Assigned task:
Type out the lines below exactly, pictures excluded.

Data below:
---------------

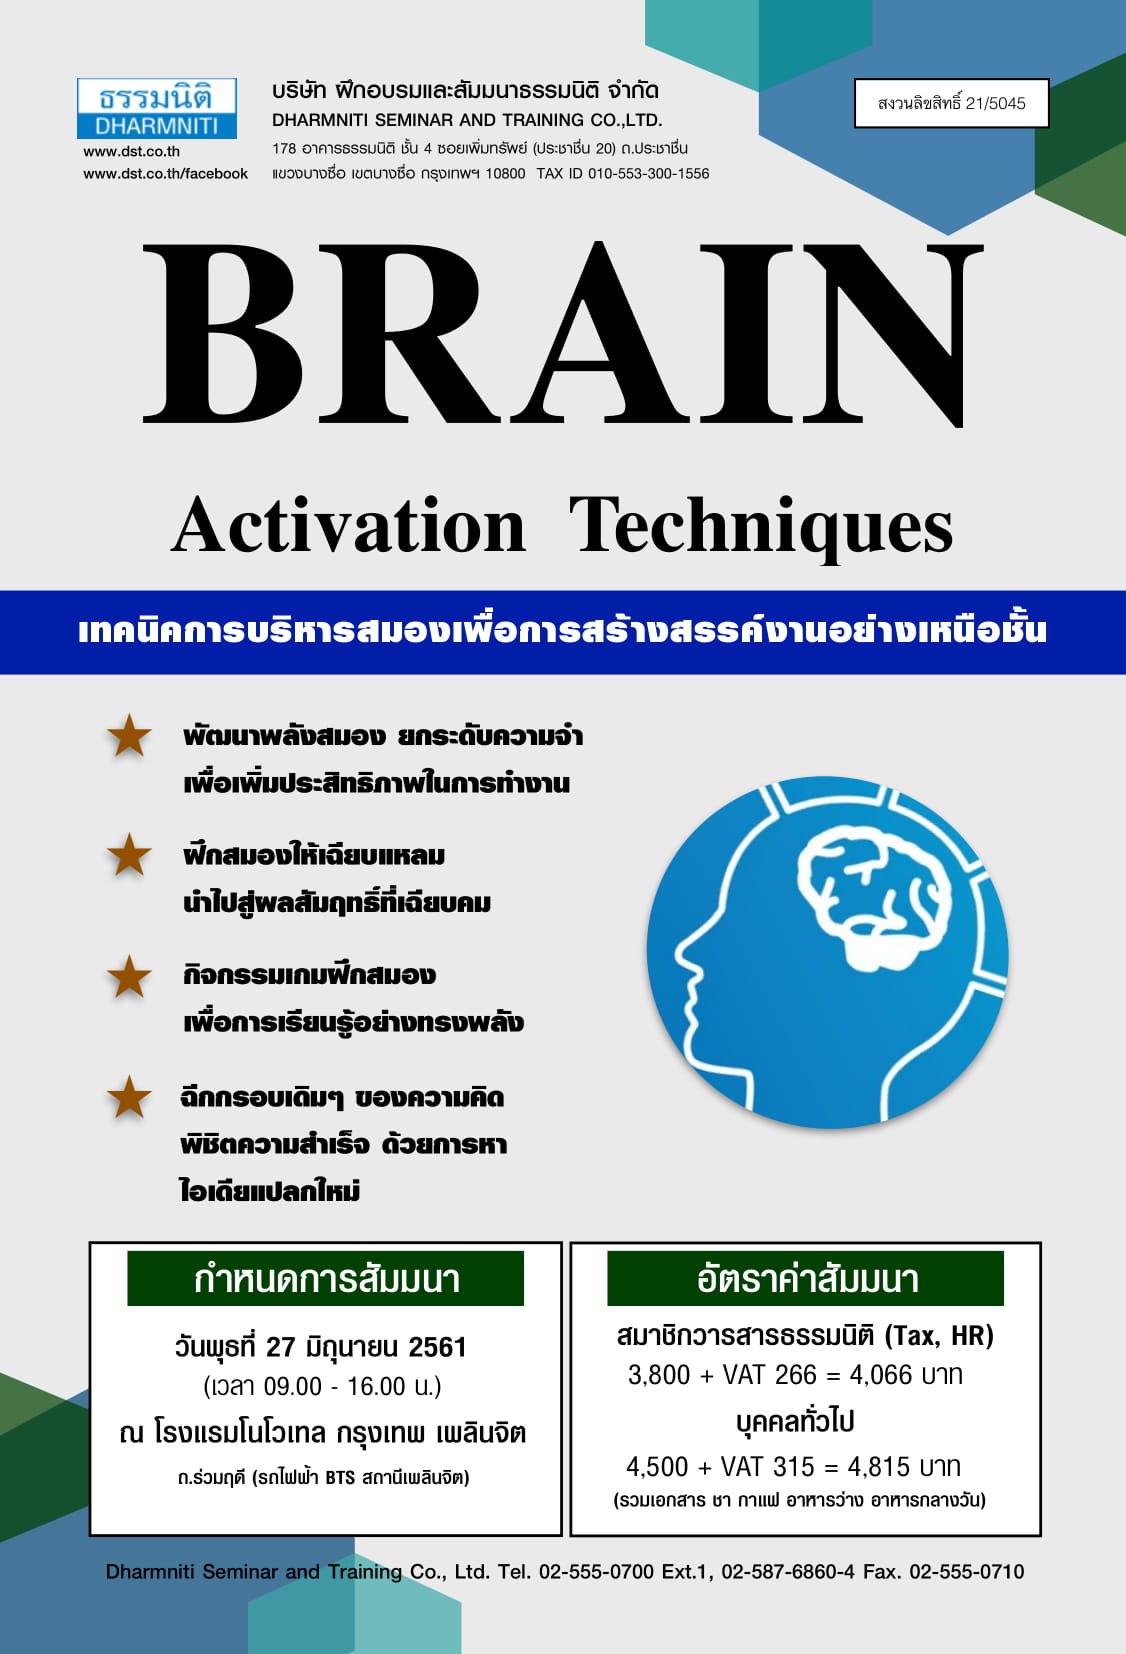 Brain Activation Techniques : เทคนิคการบริหารสมอง เพื่อการสร้างสรรค์งานอย่างเหนือชั้น 6/61
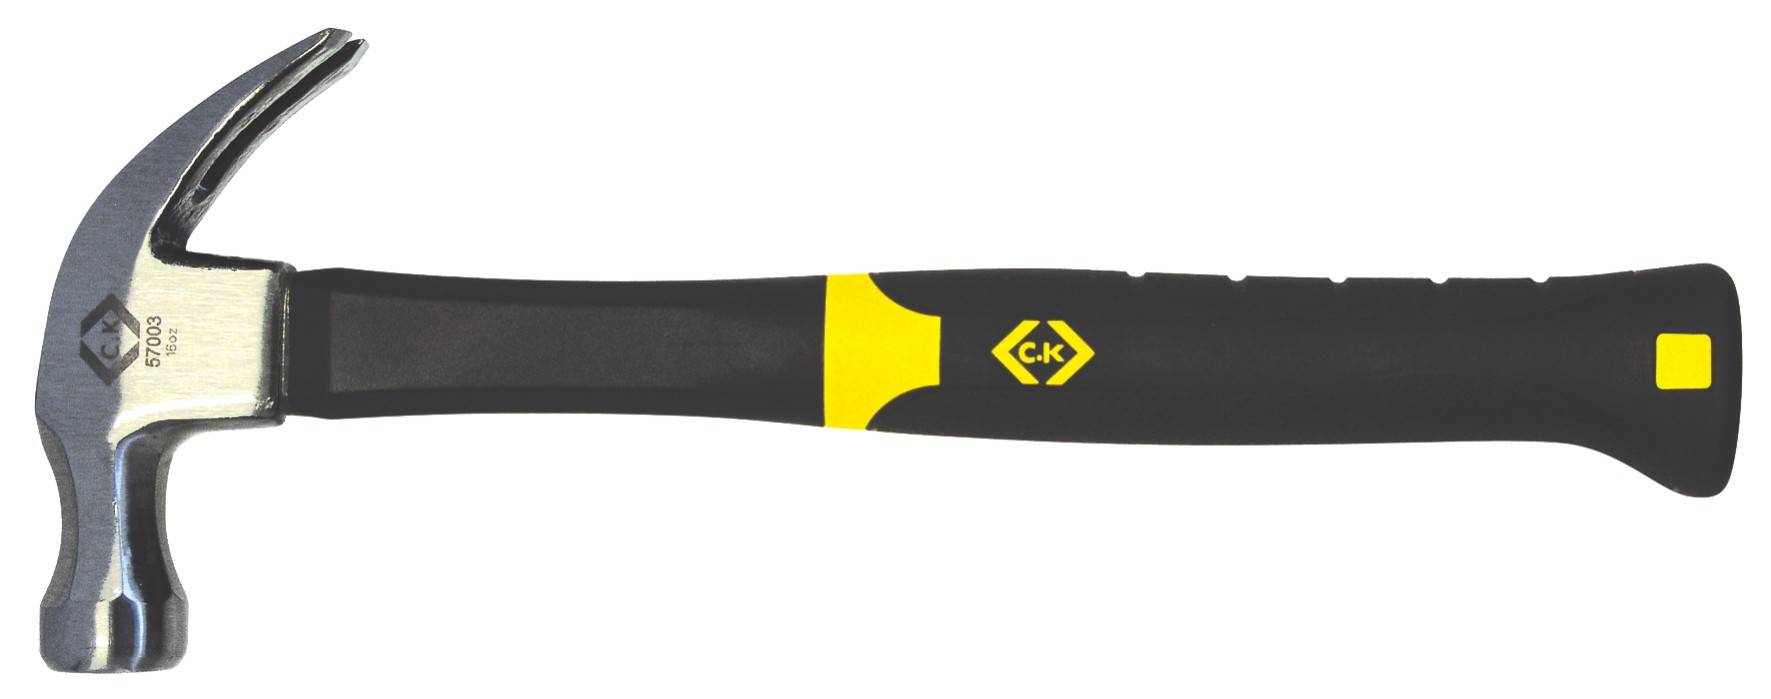 Claw Hammer Anti Vibration Fibreglass Shaft 16oz CK Tools 357003
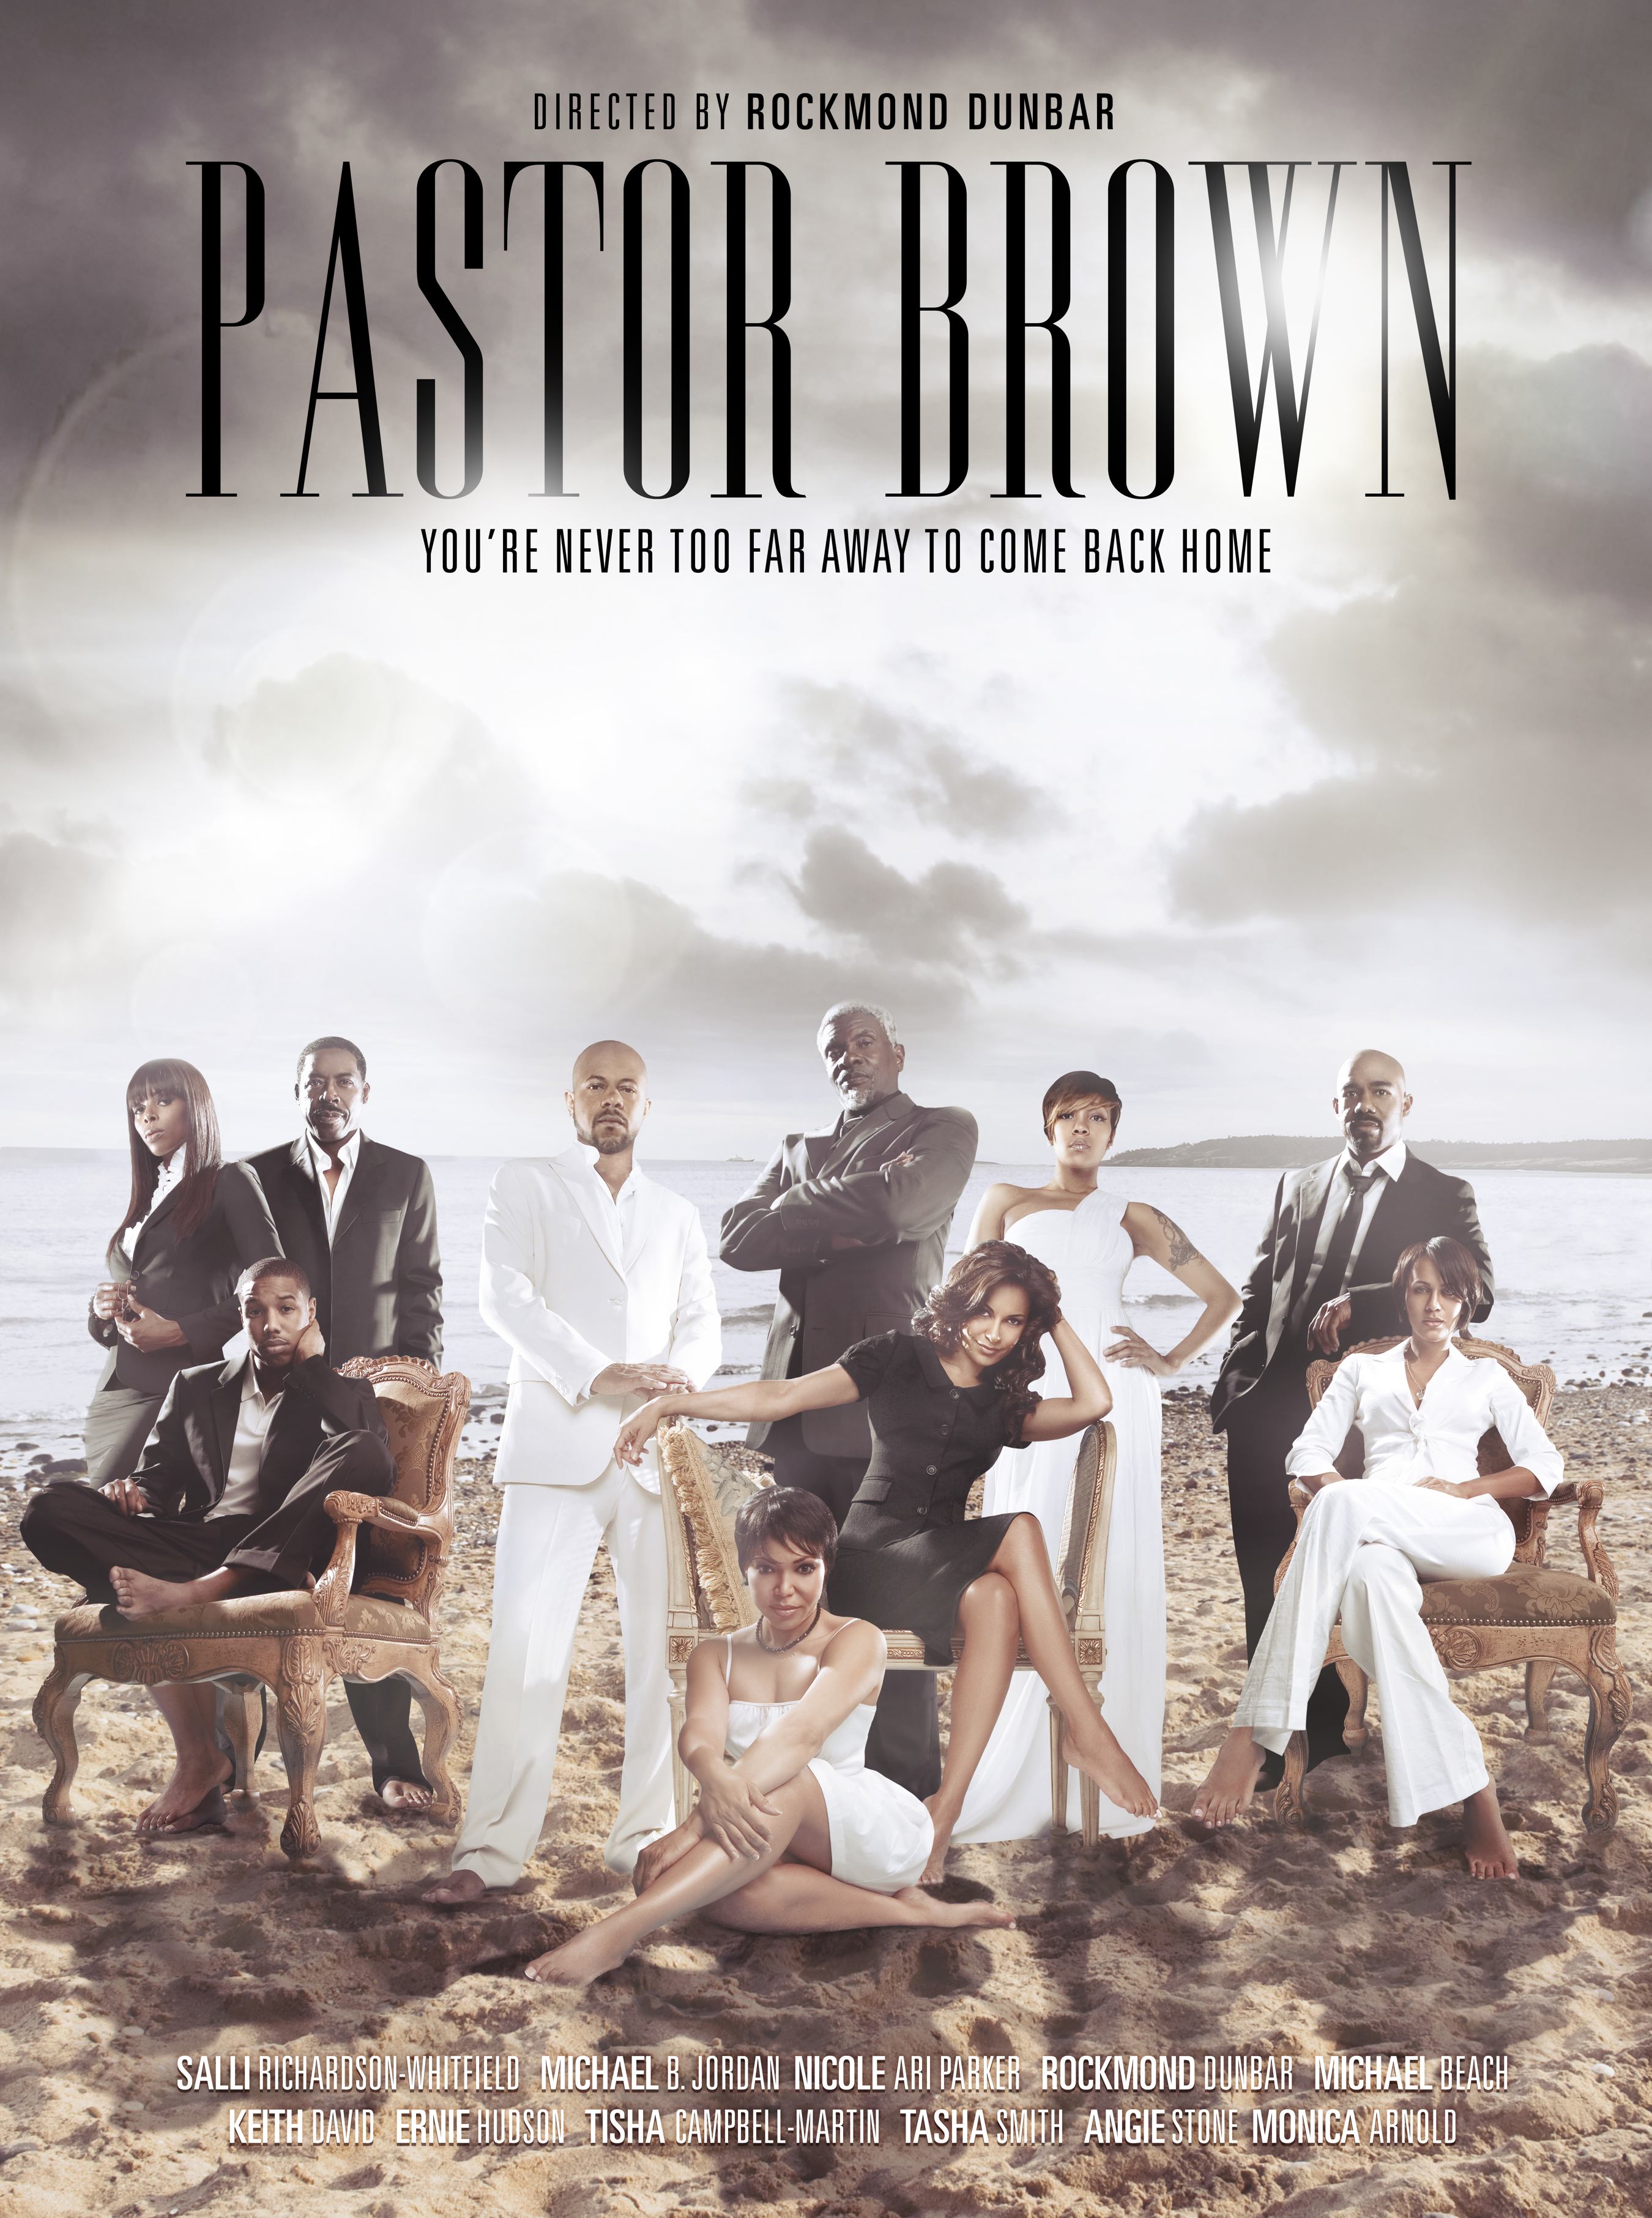 Pastor Brown Directed by Rockmond Dunbar

---------------

Exercise response:
 Brain Activation Techniques : เทคนิคการบริหารสมอง เพื่อการสร้างสรรค์งานอย่างเหนือชั้น 6/61
 Claw Hammer Anti Vibration Fibreglass Shaft 16oz CK Tools 357003
 Pastor Brown Directed by Rockmond Dunbar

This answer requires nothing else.